Si hay una persona que es importante es nuestras
vidas, esa es nuestra madre. Aquella que supo siempre enseñar una reglas muy
claras acerca de lo que estaba bien, y de lo que estaba mal.
Combinando el
rigor y la exigencia, con el cariño desbordante que sólo una madre puede
brindar.
En mi caso, y el de mis tres hermanas, tuvimos a
Berta, nuestra mamá. Ella era una mujer que migró del campo a la ciudad, junto
a mi padre.
Una mujer del siglo XX. Con una vitalidad, un empuje, y una visión,
que ya se la envidiaría cualquier milenial.
Tuvo una noción tan clara de la
importancia que tendría la educación, que junto a mi padre hicieron esfuerzos
titánicos para darnos a sus hijas e hijo, la mejor enseñanza que estaba
disponible por aquellos años en mi ciudad natal, Quillota.
Mi madre, que por un
disgusto infantil, de pequeña abandonó la enseñanza primaria, consentida por un
padre que no le negaba nada. De mayor, tuvo tan claro que la educación era
fundamental, que se privó con mi padre, de bienes y comodidades, para pagarnos
una educación particular.
Ella misma, la “Bertita”, que así la llamaban todas
sus conocidos, terminó de adulta, su educación básica, y la educación
secundaria, en estudios vespertinos. Iba a clases de Lunes a viernes, de 20,00
a 22,00 horas, después de salir de su trabajo. Incluso el año 1982 rindió la
prueba de aptitud académica (PAA). Se licenció de cuarto medio y rindió la PAA,
un año antes que yo. Varios de mis profesores, le hacían clases en el
vespertino, lo que me llenaba de orgullo.
Mi madre, tomó cuanto curso había disponible para
trabajadores por esos tiempos, de corte y confección, de dactilografía. Años
más tarde tomó clases de conducción, se compró un lindo auto el cual condujo
por años. Tomó clases de computación, y estaba al tanto de todo lo que ocurría
tanto en Quillota, donde residió siempre, como a nivel central.
Nuestra madre nos inculcó, que nada es imposible, que
todo se consigue con esfuerzo y tesón. Ella nos enseñó a hablar claro, a decir
las cosas por su nombre, y a dar siempre la cara. Nos enseñó a ser solidario, a
velar por los mas necesitados, a ser humildes.

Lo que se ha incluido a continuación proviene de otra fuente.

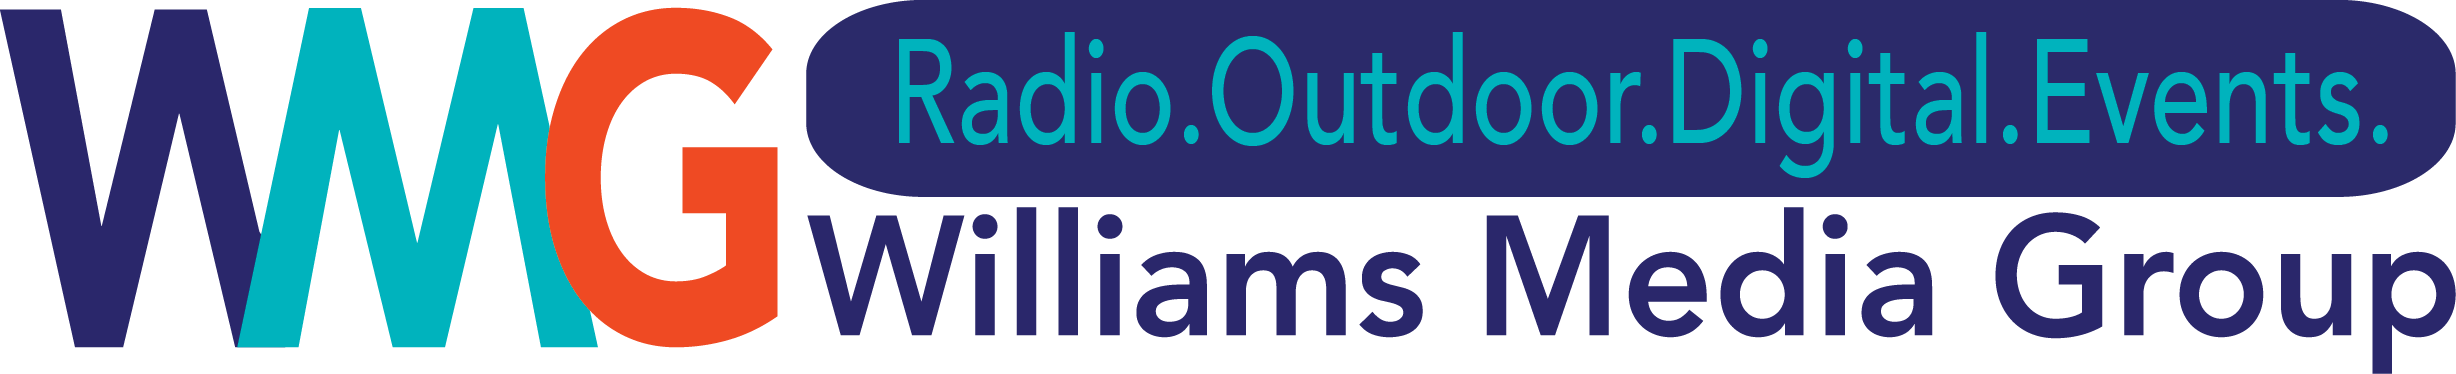 Williams Media Group logo

Pero el tesoro mas grande que nos entregó, fue el don
de la fe, desde pequeños nos enseñó a amar a Dios, y nos introdujo en la
formación cristiana de la Iglesia Católica. También ella fue premiada en vida,
por esto. Una de mis hermanas viste el hábito de las Hermanas Carmelitas
descalzas. Lo cual, fue una de sus mayores alegrías. Aunque siempre dijo que su
mayor alegría, era verme a mi con sotana.
Sí, yo también me reía harto cuando decía eso, porque
tenía muy claro que los curas no podían, o mas bien, no debían tener mujeres. Y
no estaba preparado para eso.
Fui como muchos de ustedes amigos y amigas, muy
regalón de mi mamá, muy mucho regalón. Siempre ella bromeaba conmigo, me decía
que cuando fuera grande me iba a ir lejos y ya no nos veríamos siempre. Me lo
recordaba, cada vez que en la iglesia se cantaba una canción, cuyo nombre
titula esta columna. “Una madre no se casa de esperar”.
Pese a mis juramentos infantiles, de que nunca me
separaría de ella. En la vida adulta efectivamente migré desde mi ciudad natal,
y finalmente vine a asentarme nada menos que en Punta Arenas. Cuanta razón
tenía esa santa mujer, mi viejita querida, hasta su partida, nos vimos muy
poco, practicamente en los puros veranos.
Eso es lo que vuelve, mas emotivo para mí, recordarla,
una mujer extraordinaria, que nos enseñó a tener coraje, a ser valientes, y a
amar sin límites.
Amigo, amiga, si tienes a tu mamita querida, aun junto
a ti, abrazarla con fuerza, y dile cuanto la amas y le agradeces por todo el
cariño y cuidados que te ha brindado.
Porque por mucho que el tiempo pase, y existan
miles de kilómetros de distancia, una madre no se cansa de esperar.